Meta-analysis results
CR, PR, DC, and SD in 6 months after conventional TACE and DEB-TACE were compared. No significant difference was found between these two treatments (6M CR: Pooled RR: 1.06 95% CI: (0.84, 1.34) P = 0.170, 6M PR: Pooled RR: 1.05 95% CI: (0.75, 1.46) P = 0.609, 6M DC: Pooled RR: 1.06 95% CI: (0.93, 1.20) P = 0.113, 6M SD: Pooled RR: 1.14 95% CI: (0.65, 2.00) P = 0.251) [Figure 2]. In addition, OR at 3, 6, 9, and 12 months were also compared, and the results showed no significant difference between the two treatment modalities (3M OR: Pooled RR: 1.04 95% CI: (0.87, 1.25) P = 0.491, 6M OR pooled RR: 1.06 95% CI: (0.91, 1.23) P = 0.093, 9M OR: Pooled RR: 1.11 95% CI: (0.89, 1.38) P = 0.105, 12M OR: Pooled RR: 1.06 95% CI: (0.97, 1.25) P = 0.707) [Figure 3]. Furthermore, there was no significant difference in OS and major complications (OS: Pooled RR: 0.96, 95% CI: 0.69, 1.32 P = 0.715, Complications: Pooled RR: 1.22 95% CI: 0.87, 1.71 P = 0.255) [Figure 4]. | Figure 2: Forest plot of complete response, partial response, disease control, stable disease
Click here to view |
| > Discussion | | |
To date, most HCC patients have no choice but to receive surgical resection owing to the advanced stage of the disease. However, only 30% of patients are suitable for surgical operation and nearly 50% of patients will progress to intrahepatic metastasis.[26] TACE is considered the standard therapy for patients with intermediate-stage HCC. Nevertheless, many studies have found that HCC cannot be completely eradicated with TACE alone.[27],[28] As a novel therapy, DEB-TACE shows promising prospect in clinical use by increasing patients' median survival up to 3 years.[29] However, it remains a controversy whether DEB-TACE has higher efficiency and safety than cTACE.

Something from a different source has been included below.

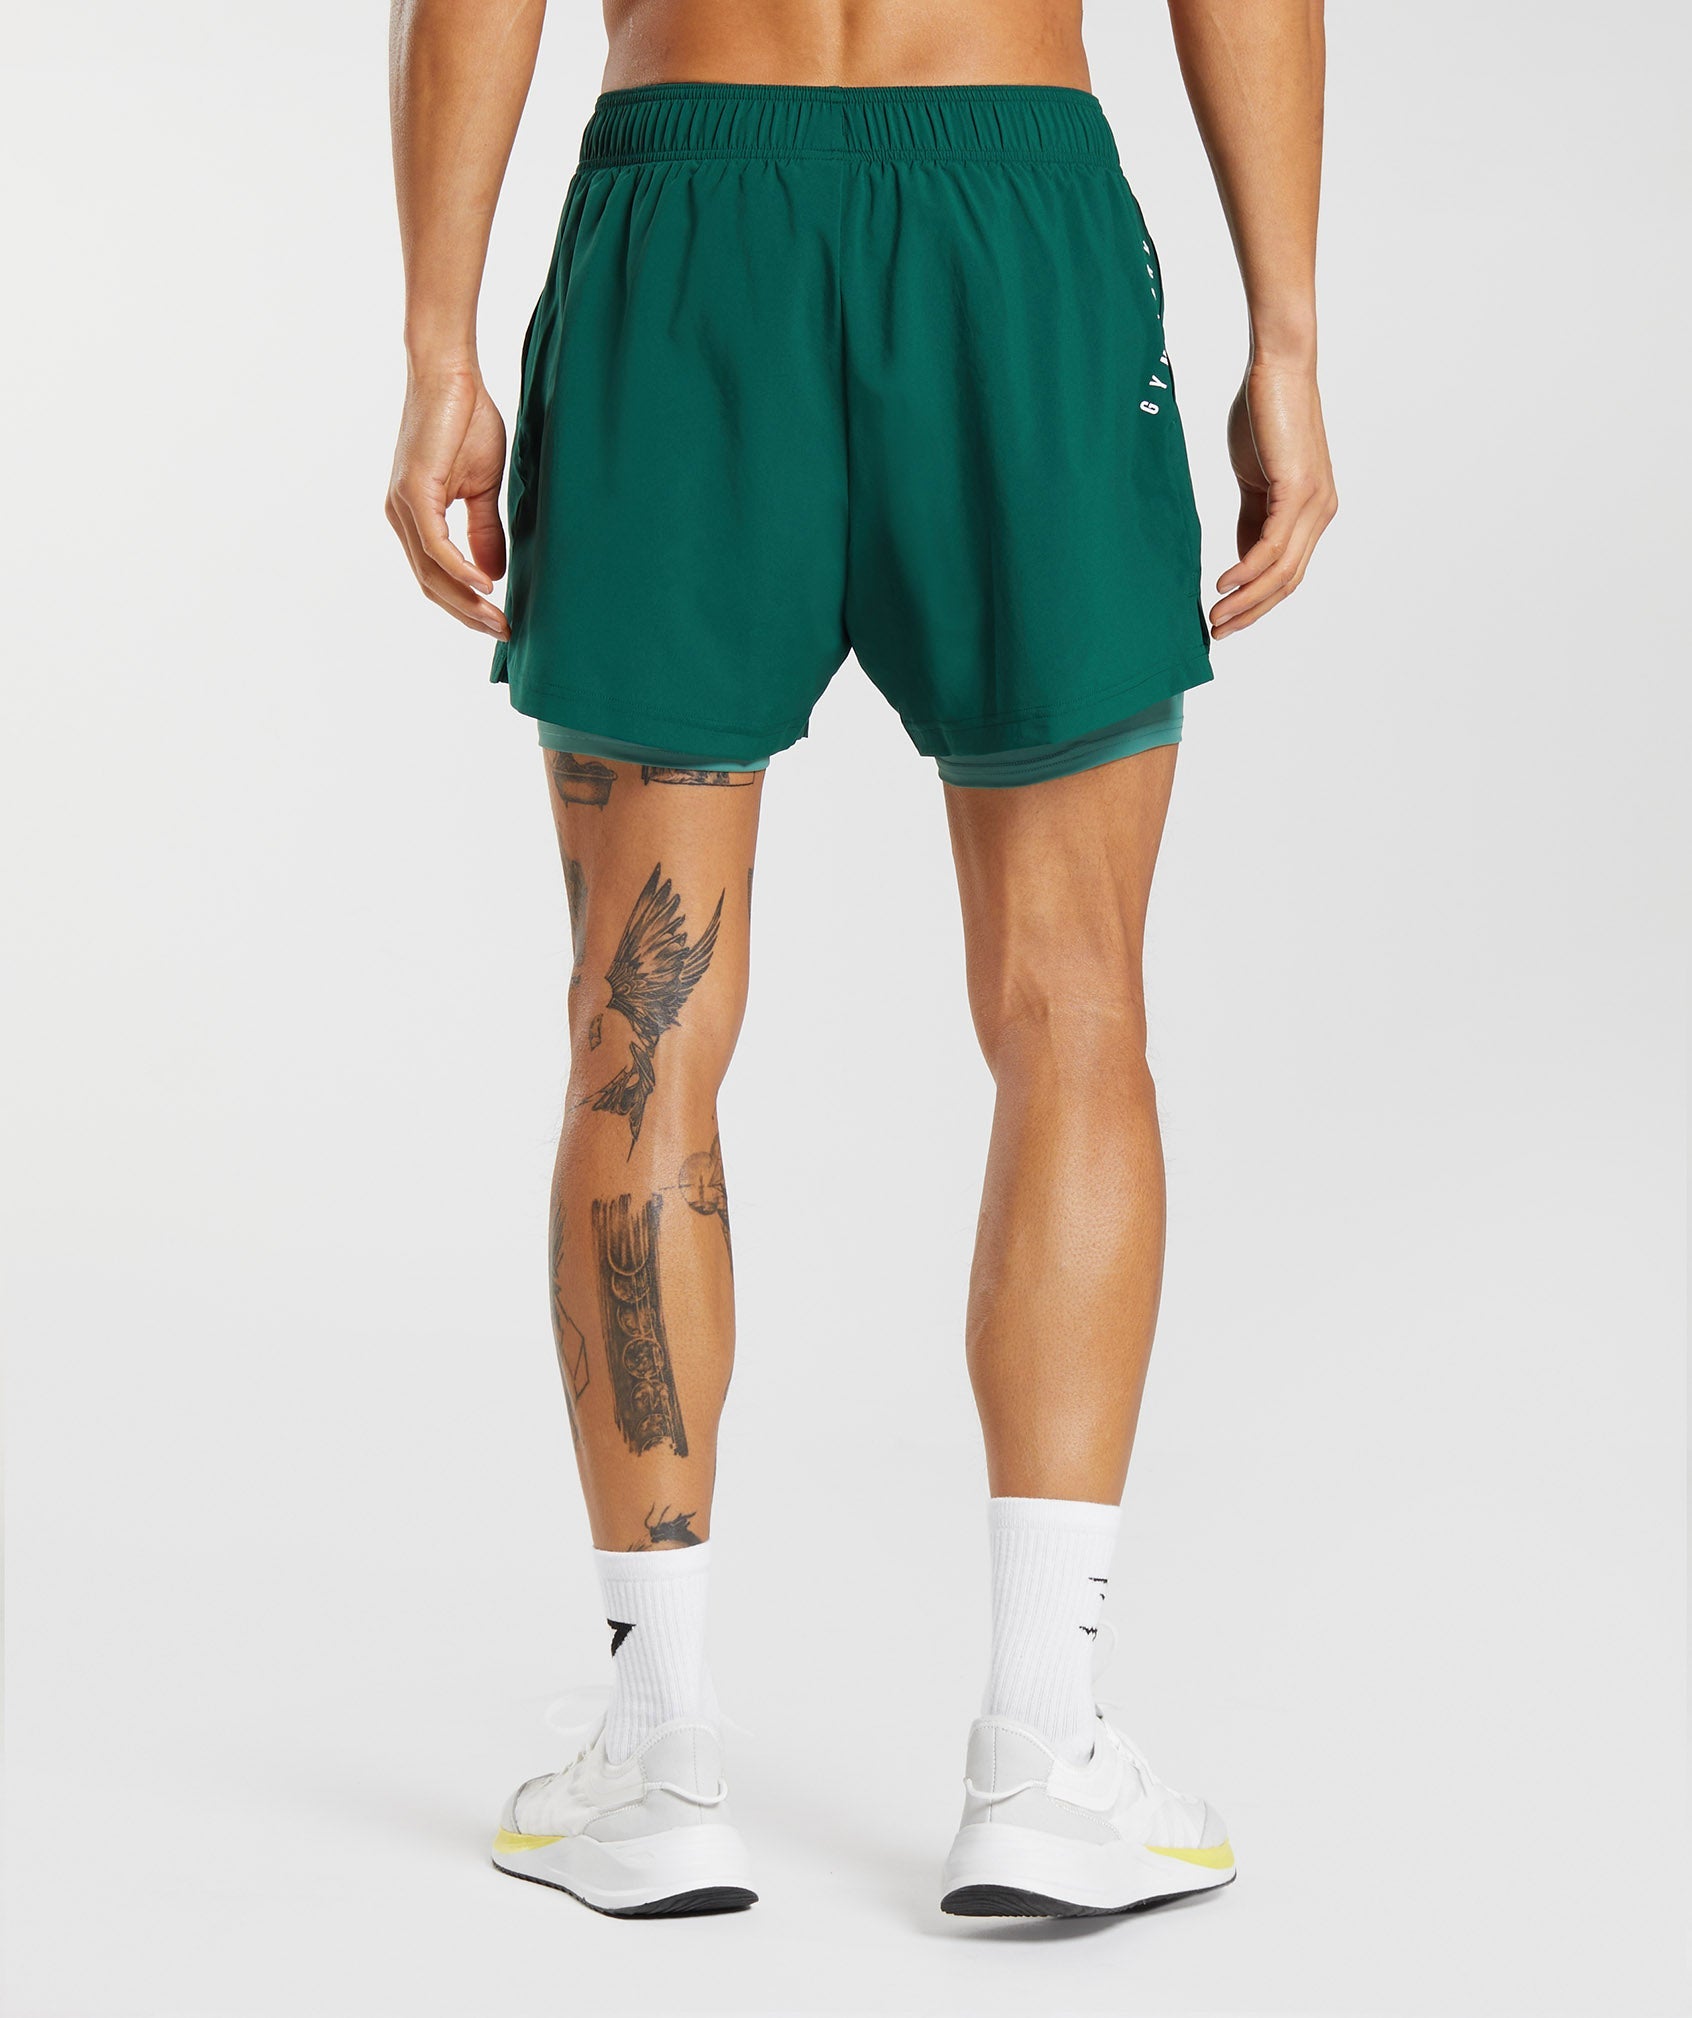 Sport 5" 2 In 1 Shorts in Woodland Green/Hoya Green - view 2

This meta-analysis was conducted to estimate the safety and efficiency of cTACE compared with DEB-TACE in patients with HCC. Six randomized clinical trials were included in the analysis. CR, PR, DC, and SD in 6 months and OR in 3, 6, and 9 months were compared. OS and major complications were also compared between cTACE and DEB-TACE. There were no significant differences in these variables between the two treatment groups, which indicated that DEB-TACE had similar safety and efficiency to those of cTACE.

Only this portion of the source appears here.